To accomodate other open source projects using pymilter, this package has been shedding modules which can be used by other packages.
  • The pymilter package provides a robust toolkit for Python milters that wraps the C libmilter library. There are also several pure Python milter libraries that implement the milter protocol in Python.
  • The milter package provides the beginnings of a general purpose mail filtering system written in Python. It also includes a simple spfmilter that supports policy by domain and spf result via the sendmail access file.
  • The pysrs package provides an SRS library, SES library, a sendmail socketmap daemon implementing SRS, and (Real Soon Now) an srsmilter daemon implementing SRS, now that sendmail-8.14 supports CHGFROM and this is supported in pymilter-0.9.
  • The pyspf package provides the spf module, a well tested implementation of the of the SPF protocol, which is useful for detecting email forgery.
  • The pygossip package provides the gossip library and server daemon for the GOSSiP protocol, which exchanges reputation of qualified domains. (Qualified in the milter package means that example.com:PASS tracks a different reputation than example.com:NEUTRAL.)
  • The pydns package provides the low level DNS library for python DNS lookups. It is much smaller and lighter than the more capable (and bigger) dnspython library. Low level lookups are needed to find SPF and MX records for instance.
  • The pydspam package wraps libdspam for python.

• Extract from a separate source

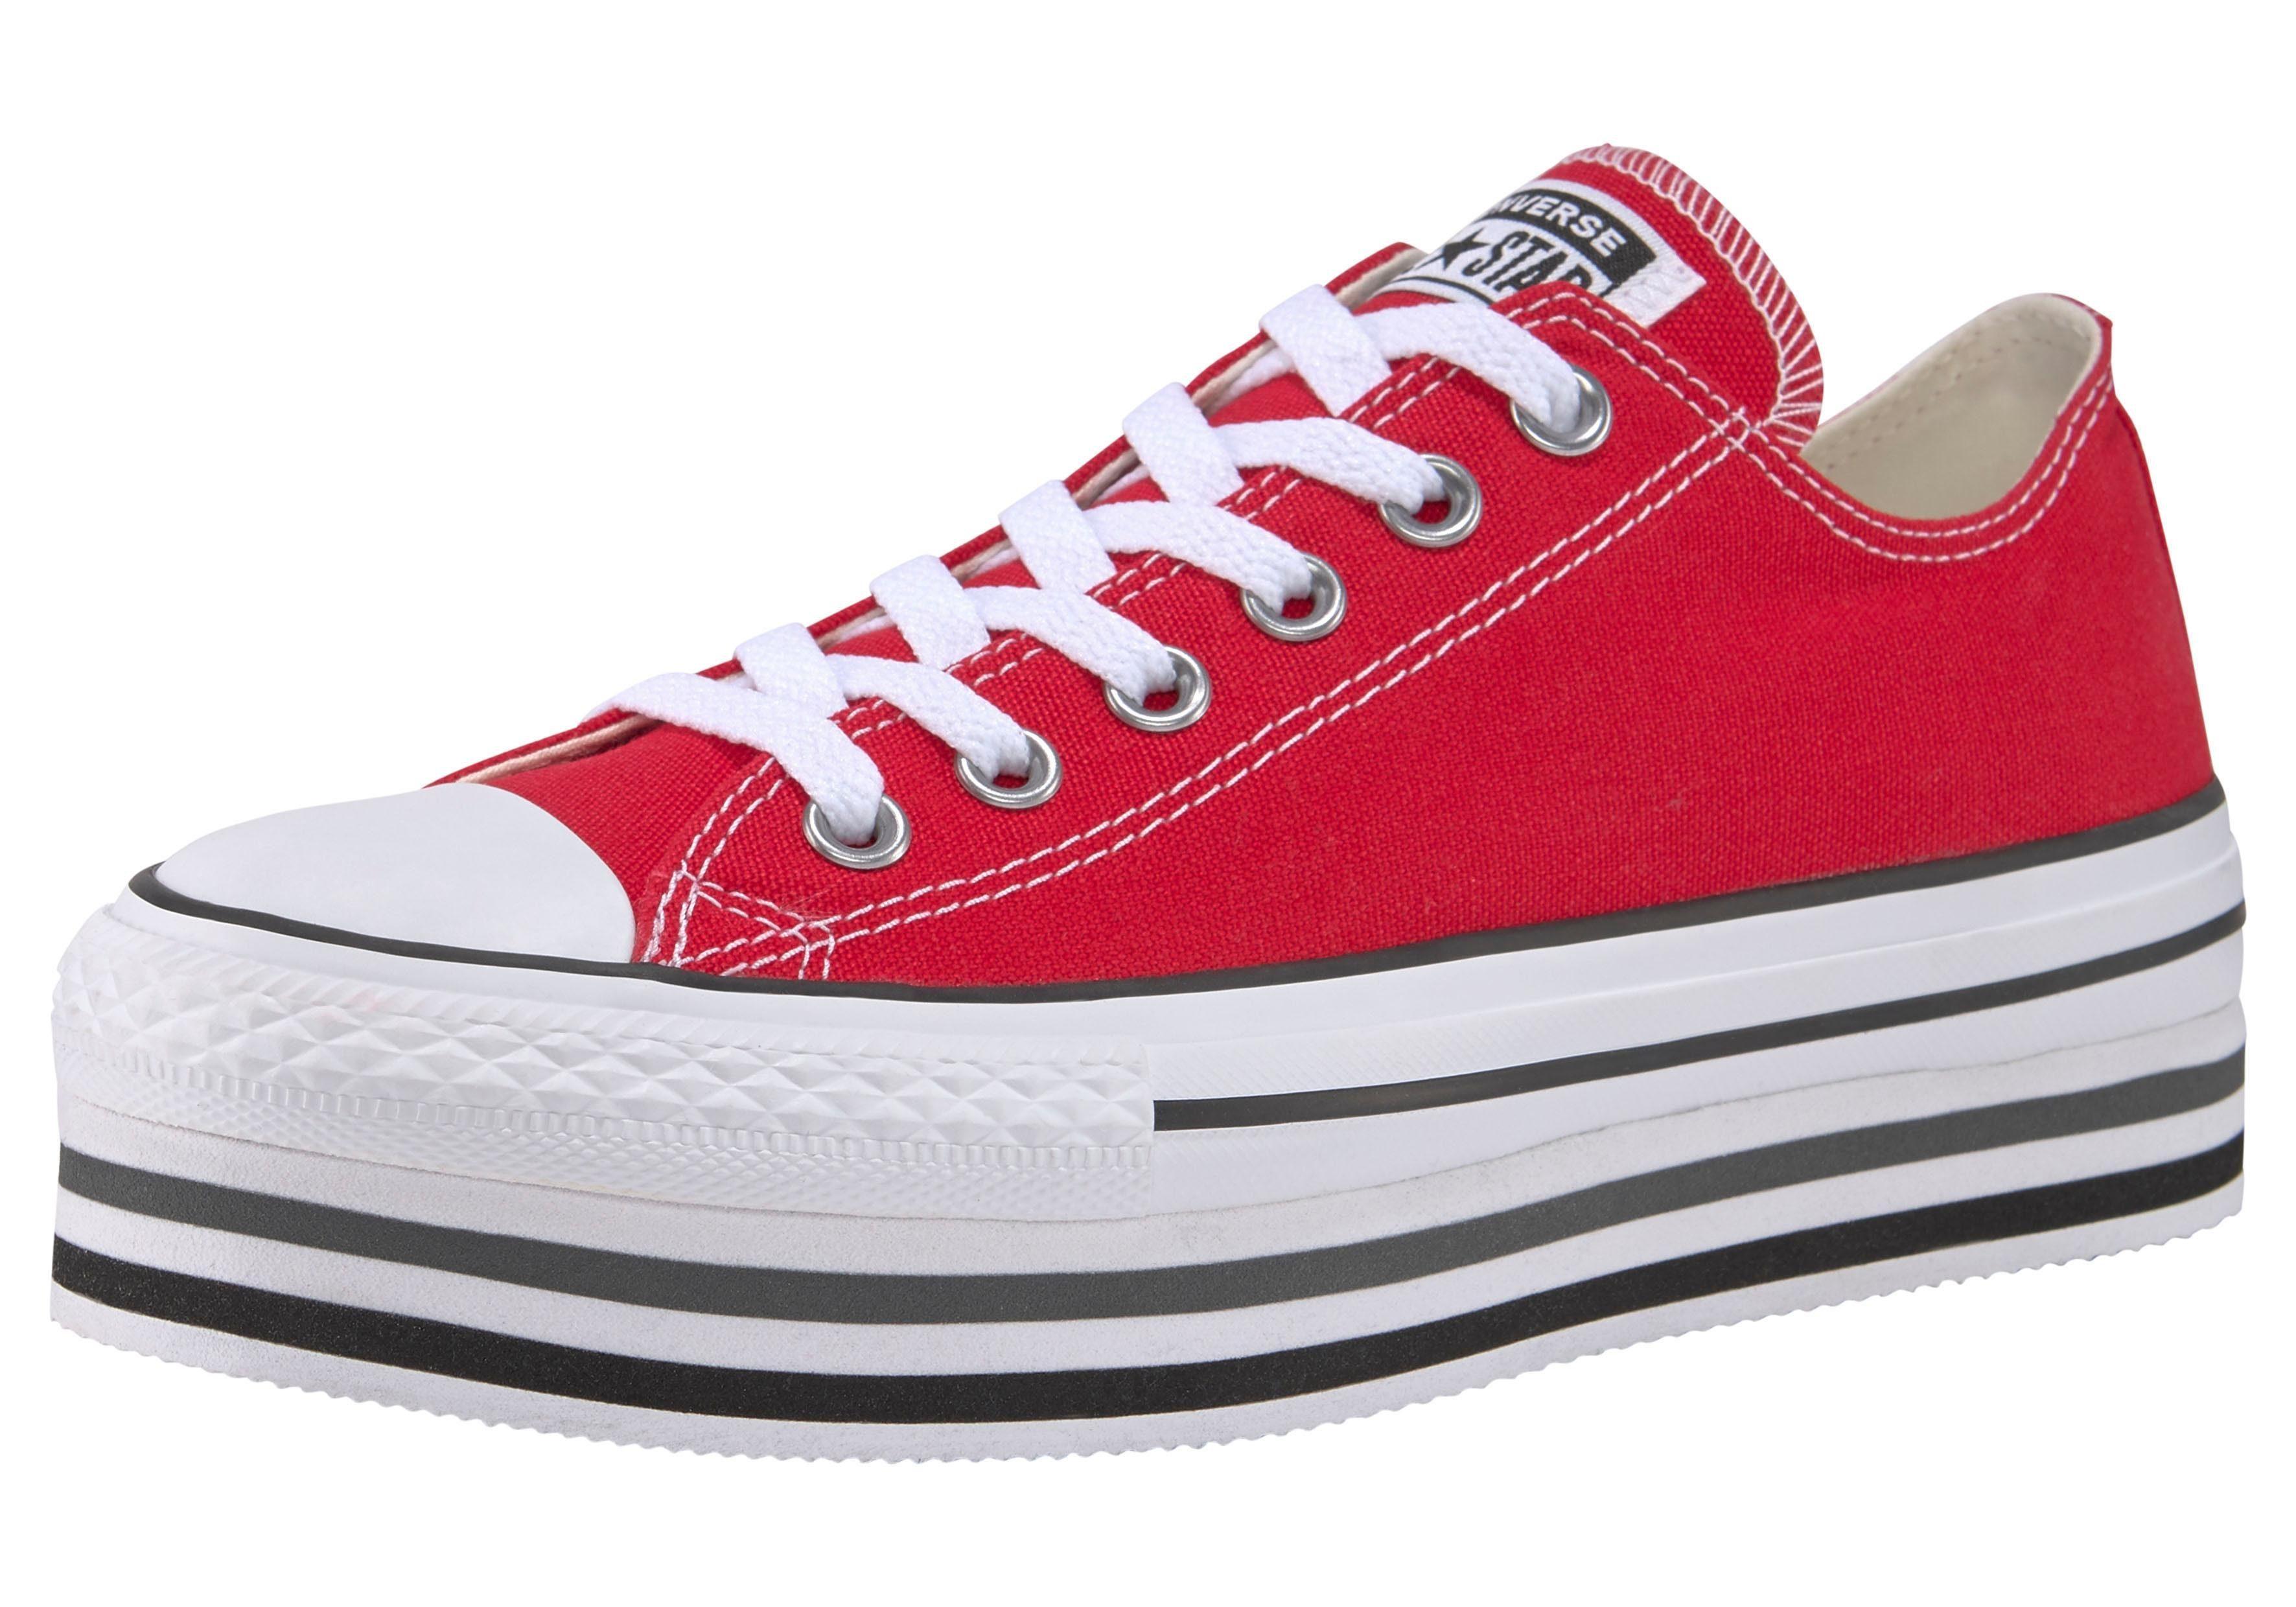 Converse »One Star Lugged« Sneaker, Hochwertiges Obermaterial online kaufen | OTTO

At the lowest level, the milter module provides a thin wrapper around the sendmail libmilter API. This API lets you register callbacks for a number of events in the process of sendmail receiving a message via SMTP. These events include the initial connection from a MTA, the envelope sender and recipients, the top level mail headers, and the message body. There are options to mangle all of these components of the message as it passes through the milter.

At the next level, the Milter module (note the case difference) provides a Python friendly object oriented wrapper for the low level API. To use the Milter module, an application registers a 'factory' to create an object for each connection from a MTA to sendmail. These connection objects must provide methods corresponding to the libmilter callback events.

Each event method returns a code to tell sendmail whether to proceed with processing the message. This is a big advantage of milters over other mail filtering systems. Unwanted mail can be stopped in its tracks at the earliest possible point.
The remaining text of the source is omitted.